With an increase in the necessity of producing environmentally friendly materials, some researchers compounded plant fibers with biodegradable polymers including polylactic acid, starch plastics, soybean plastics and cellulosic plastics for producing fully biodegradable composites. 12 Biodegradable polymers are synthetic high polymers originating from natural products: they are stable in their lifetime during usage and storage but degrade microbially and/or environmentally after disposal. 13 This property can hinder their use in any environmental applications.
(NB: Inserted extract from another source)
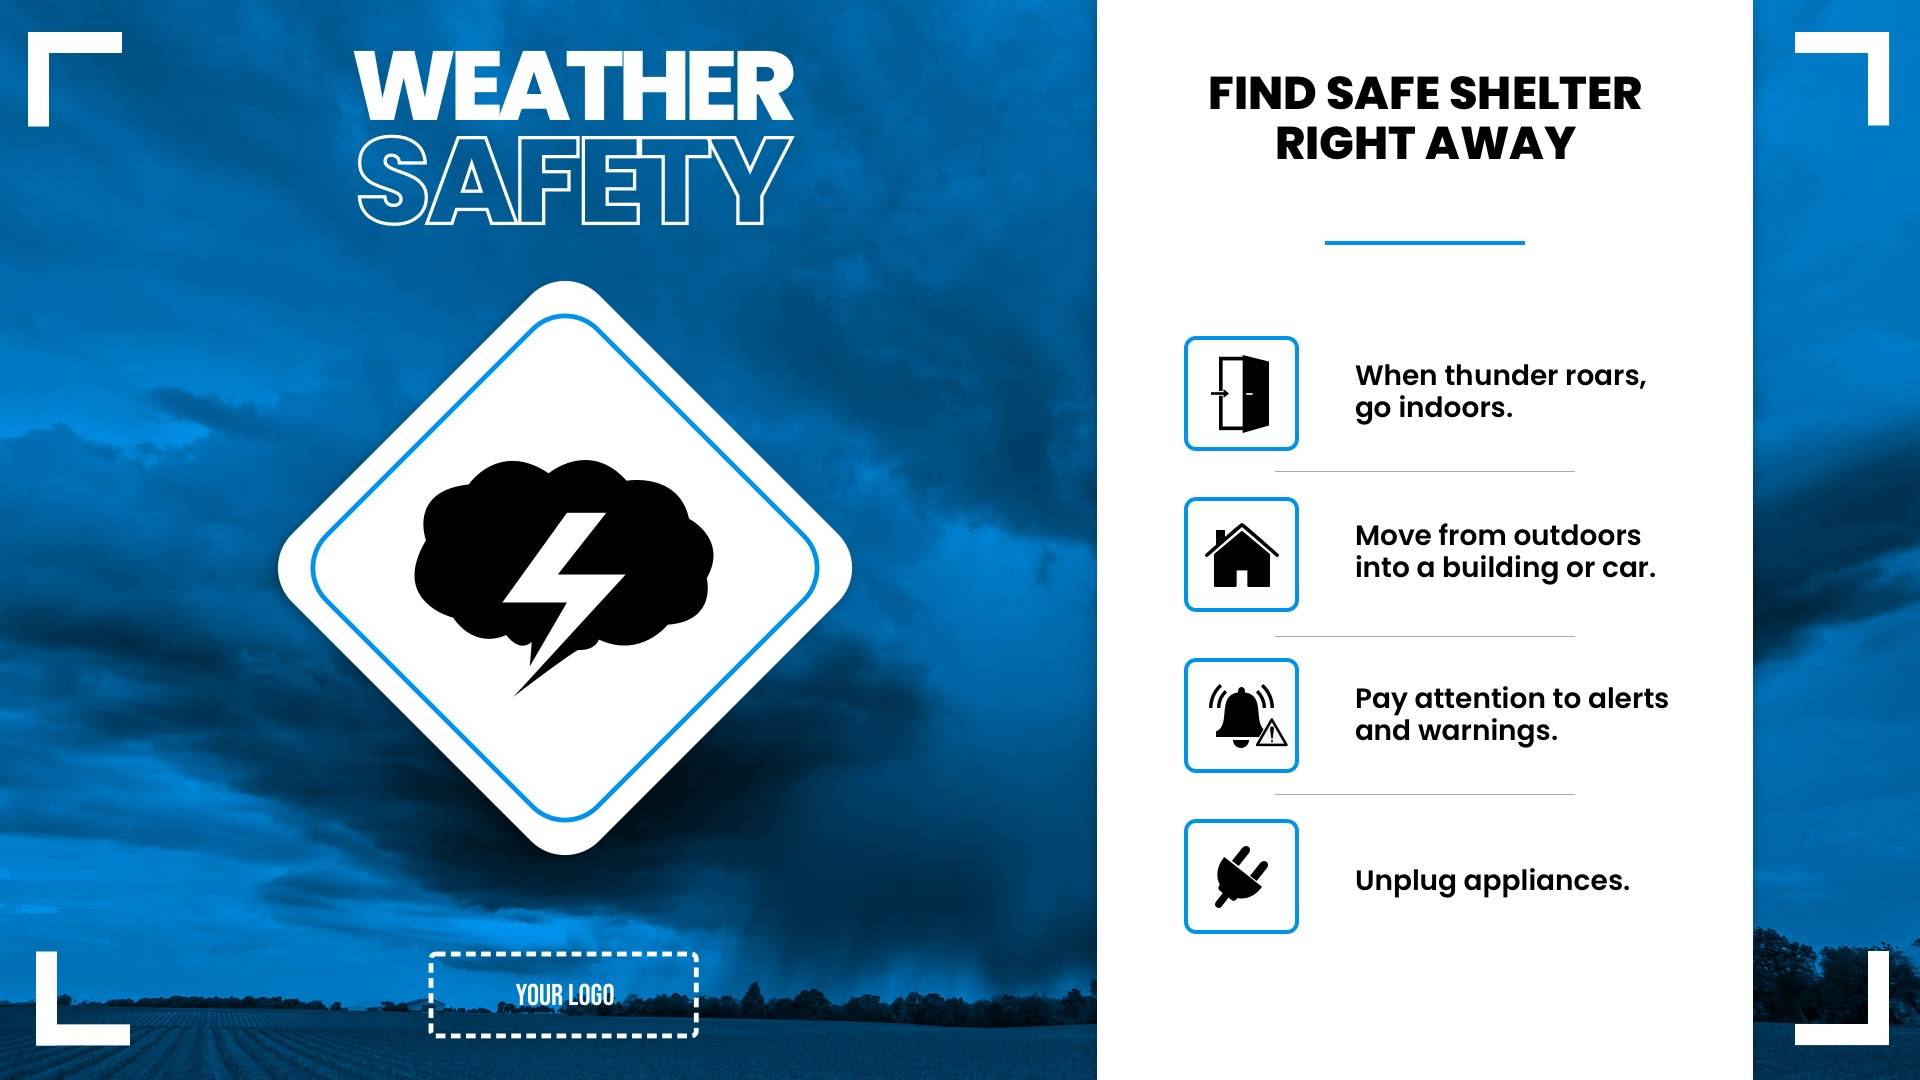 School Safety - Severe Weather Digital Signage Template
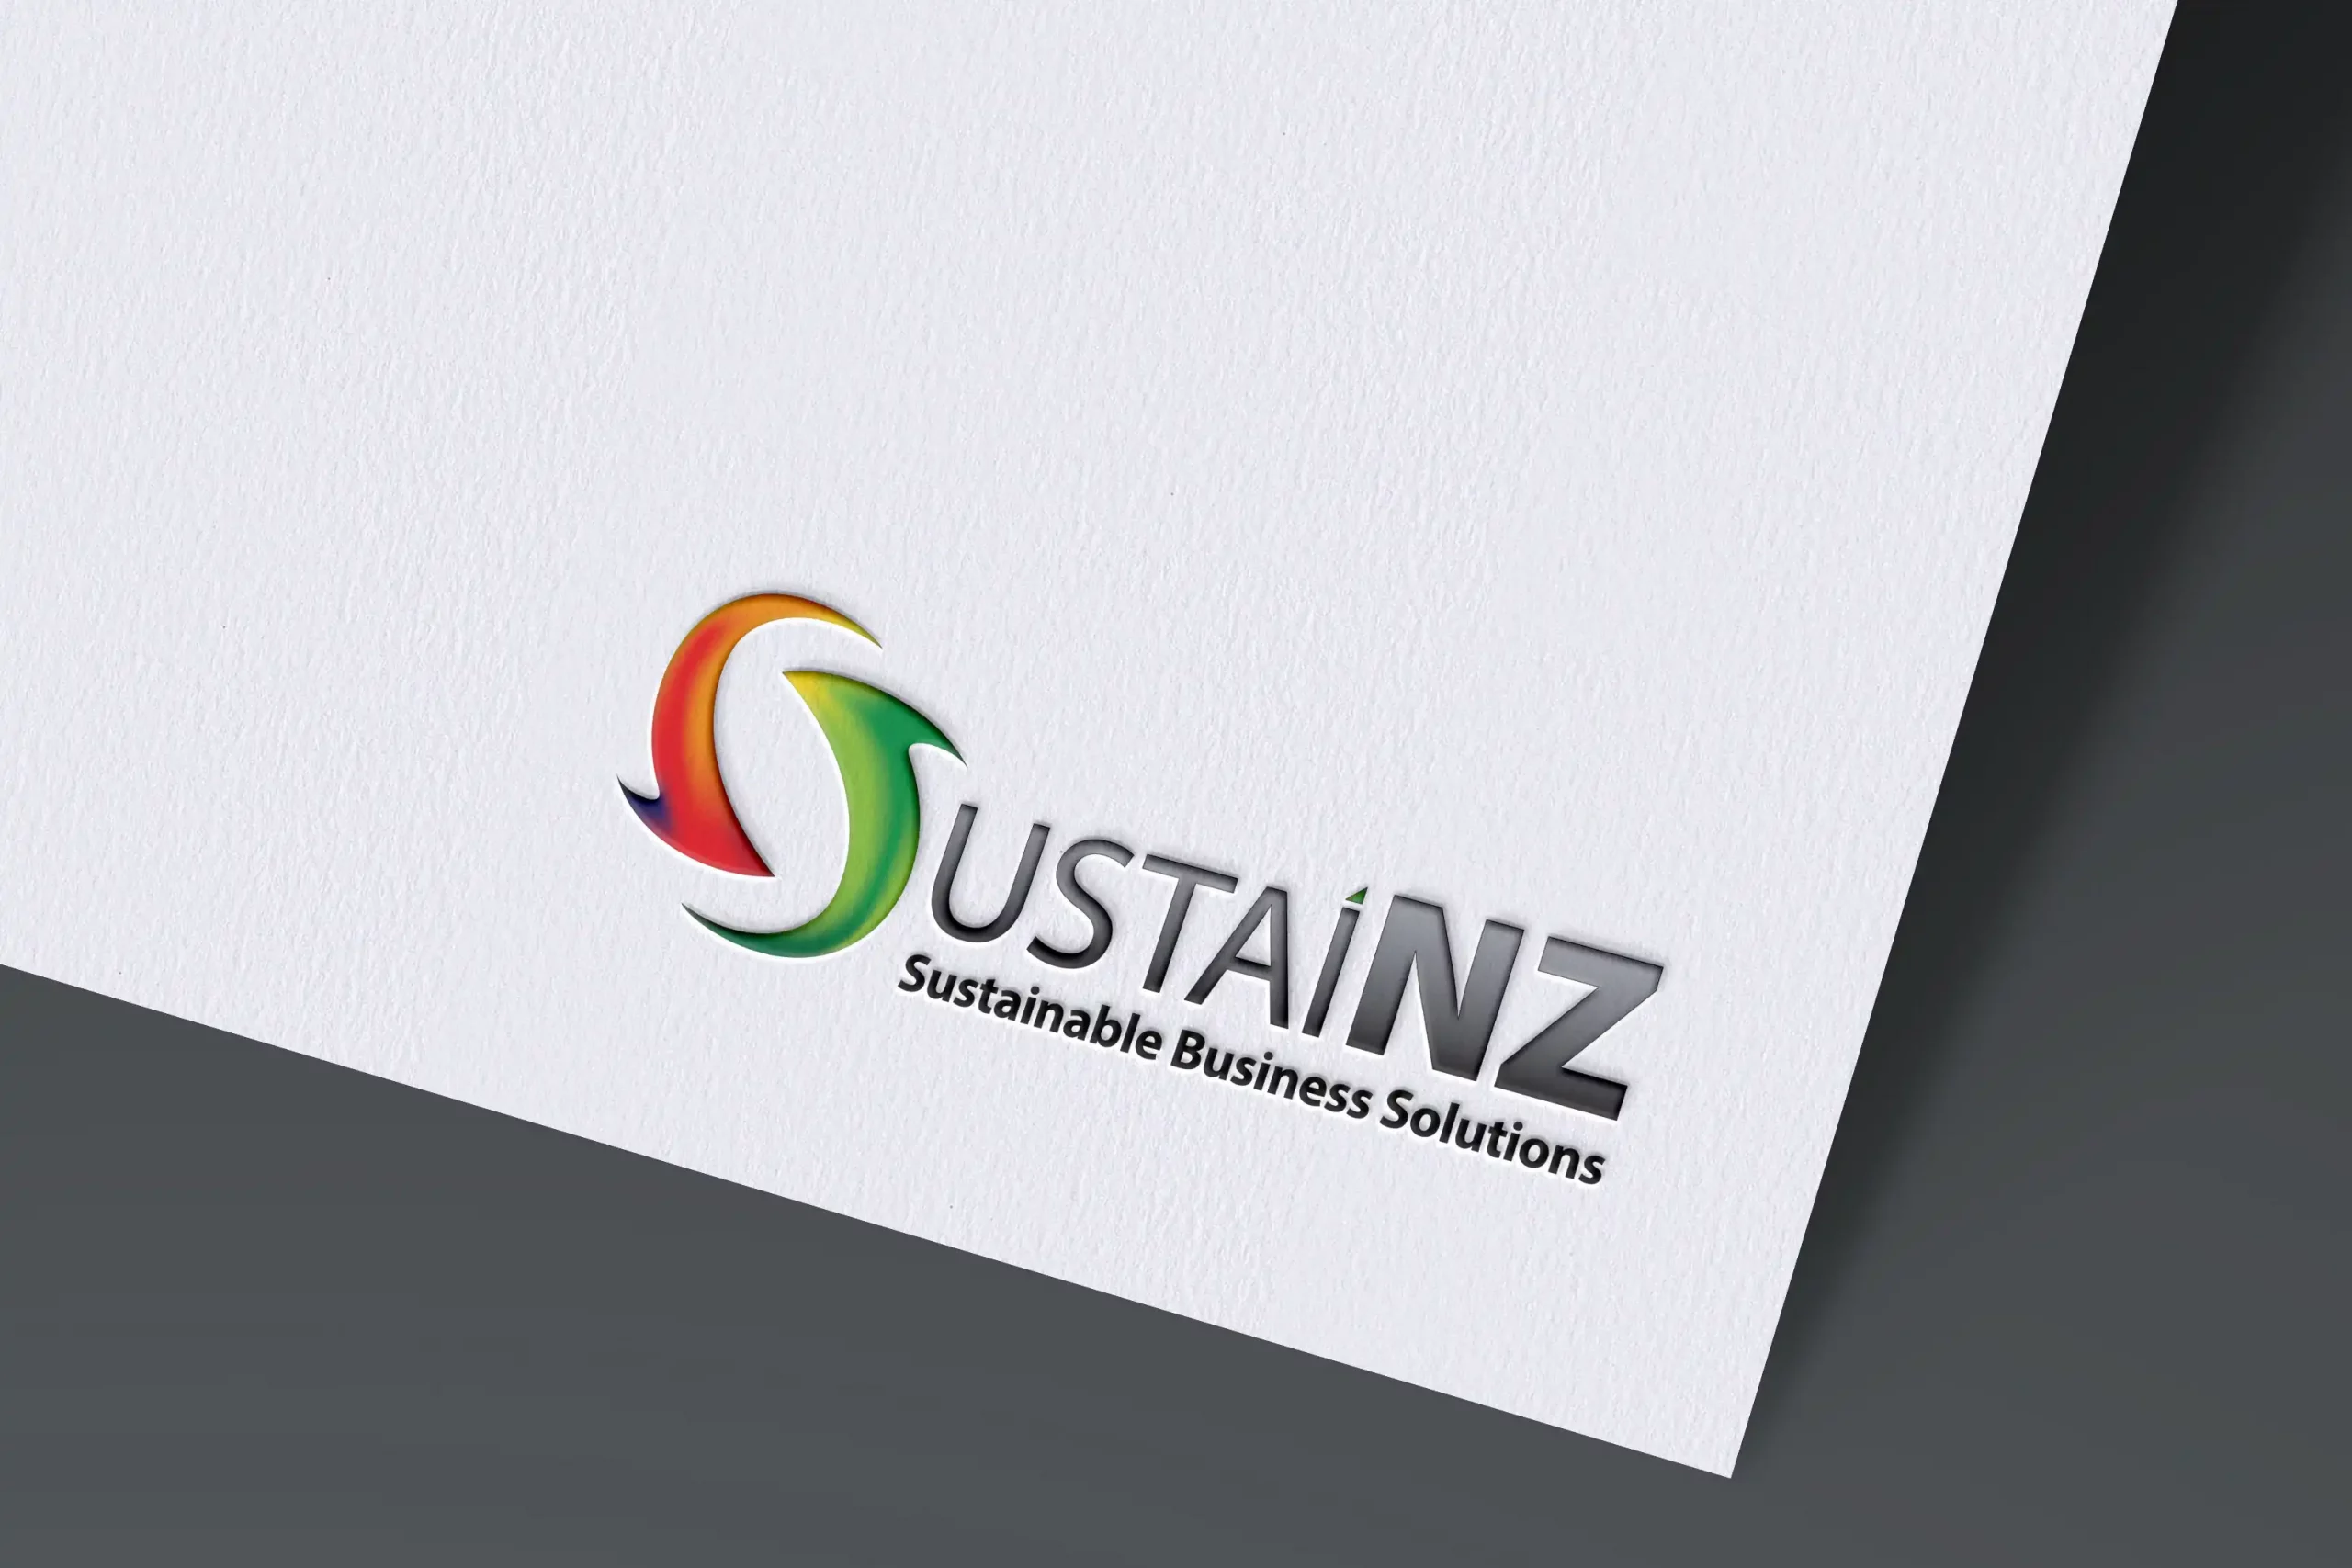 Logo Making made easy for Sustain NZ in Christchurch, Canterbury, NZ. An international style, eco-sustainable New Zealand type Logo Design made by XDC.NZ, the super experienced, professional, specialist Logo Designer based in Christchurch

Similar to any other material that is durable in the environment, growth in WPC manufacturing demands more attention to its recycling. Recyclability is a significant benefit of thermoplastics, which allows the usage of their wastes in the other applications such as WPC industry. This advantage is very attractive for WPC manufacturers because of its commercial aspects. Several researchers 14 –17 have studied using waste plastics in WPCs, where in some reports that the composites made from waste plastics showed better mechanical properties in comparison with the virgin ones. 15 In addition, waste plastics in these composites, the by-products of wood industries, such as sawdust, can be used as filler. WPC role in preserving natural sources (forests), its sufficient mechanical and physical properties and lacking toxic chemicals in their compositions 11 have made them as one of the favorable green materials in the recent years. 18
As noted above, the production rate of WPCs has increased in the recent years 7 and thus the demand for their recycling and returning them to the life cycle has become highly important. Study of literatures indicates that there are few research works conducted on the recyclability of WPCs. As an example, Beg and Pickering 19 describe the effects of reprocessing on the physical and mechanical properties of these composites based on radiata pine fiber in a PP matrix produced via injection molding.
Due to the incompatibility of wood particle with (high-density PE (HDPE)) plastic matrix, particles wetting and especially their distribution in the polymeric matrix have significant effects on the strength of the final products. Melt flow index (MFI) represents an aspect of the rheological properties of the resin such as flow ability. Studies carried out on the properties of WPCs showed that matrix melt flow behavior plays a key role on the structure–property relationship of the wood–PE composites. 20 Study of literature indicates that MFI influences the quality of mixing of the two ingredients; plastics with a high MFI (low viscosity) present better wetting and distribution. 20 On one hand, using low MFI HDPE gives rise to a poor wetting and distribution. On the other hand, using a very low viscose matrix (very high MFI) could impair the interface between the wood particles and the polymeric matrix. This article explores the recyclability of WPC profiles produced via an extrusion process. The effect of MFI of the polymeric matrix on the properties of the virgin and reprocessed WPCs is emphasized. This could show whether the reprocessed WPC could be used again for the same application. The results of this study could be highly useful for WPC industry from economical and environmental viewpoints.
Experimentation
Materials and equipment
Three grades of HDPE were used as the polymeric matrix: HDPE 5620 with an MFI of 20 g/10 min (named as high MFI), HDPE 6070 with an MFI of 7 g/10 min (middle MFI) and HDPE EX3 with an MFI of 0.45 g/10 min (low MFI). They were supplied by Arak Petrochemical Co., (Iran) Tabriz Petrochemical Co., (Iran) and Amir Kabir Petrochemical Co., (Iran) respectively. The characteristics of the selected HDPEs are given in Table 1.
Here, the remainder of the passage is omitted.